## TASK MATERIAL
----------
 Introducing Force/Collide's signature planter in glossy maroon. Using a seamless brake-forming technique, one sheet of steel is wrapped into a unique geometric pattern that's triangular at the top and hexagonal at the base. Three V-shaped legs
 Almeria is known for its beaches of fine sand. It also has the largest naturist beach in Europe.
----------
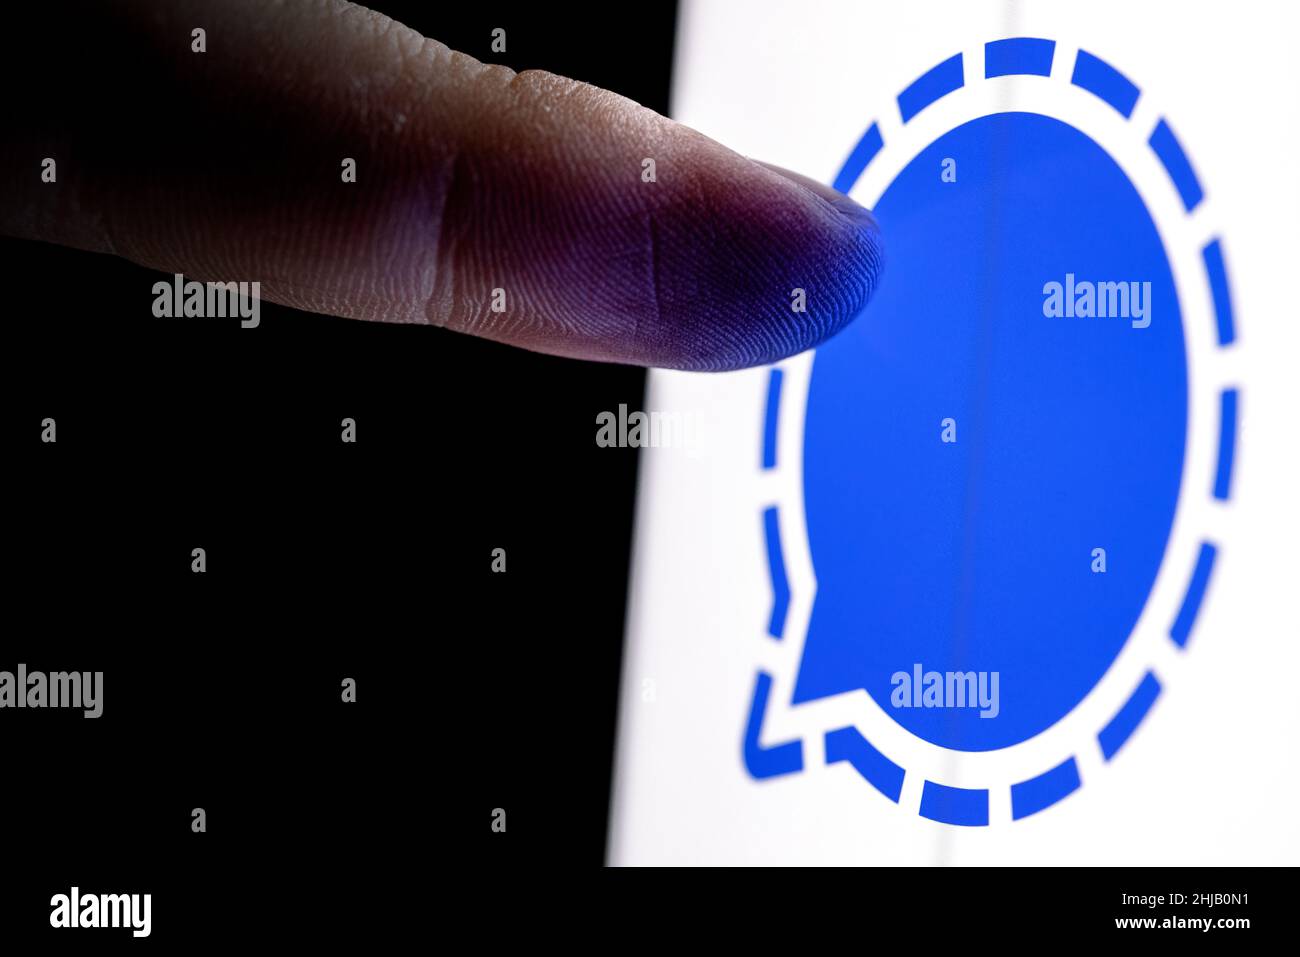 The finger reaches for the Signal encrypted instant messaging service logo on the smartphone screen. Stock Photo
----------
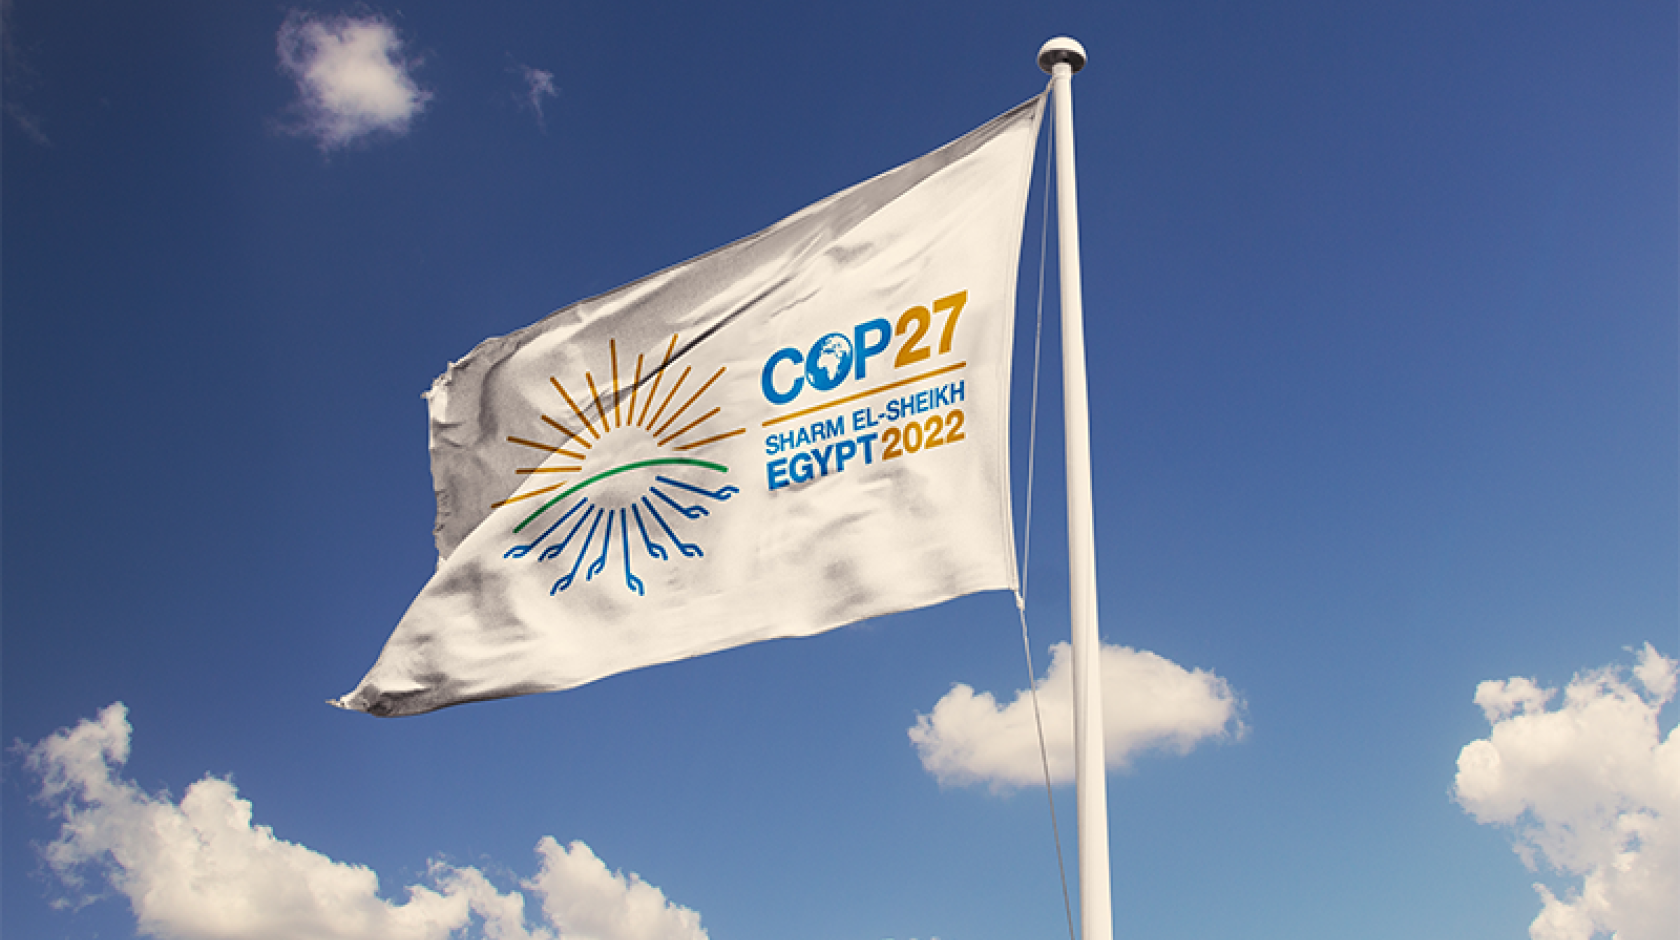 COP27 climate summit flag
----------
## WHAT IS NEEDED
From the listing above, the lines starting with the one that has "Introducing Force/Collide's signature" and running through the one that has "Almeria is known" should be copied exactly, ends included.

## RESPONSE BELOW
 Introducing Force/Collide's signature planter in glossy maroon. Using a seamless brake-forming technique, one sheet of steel is wrapped into a unique geometric pattern that's triangular at the top and hexagonal at the base. Three V-shaped legs
 Almeria is known for its beaches of fine sand. It also has the largest naturist beach in Europe.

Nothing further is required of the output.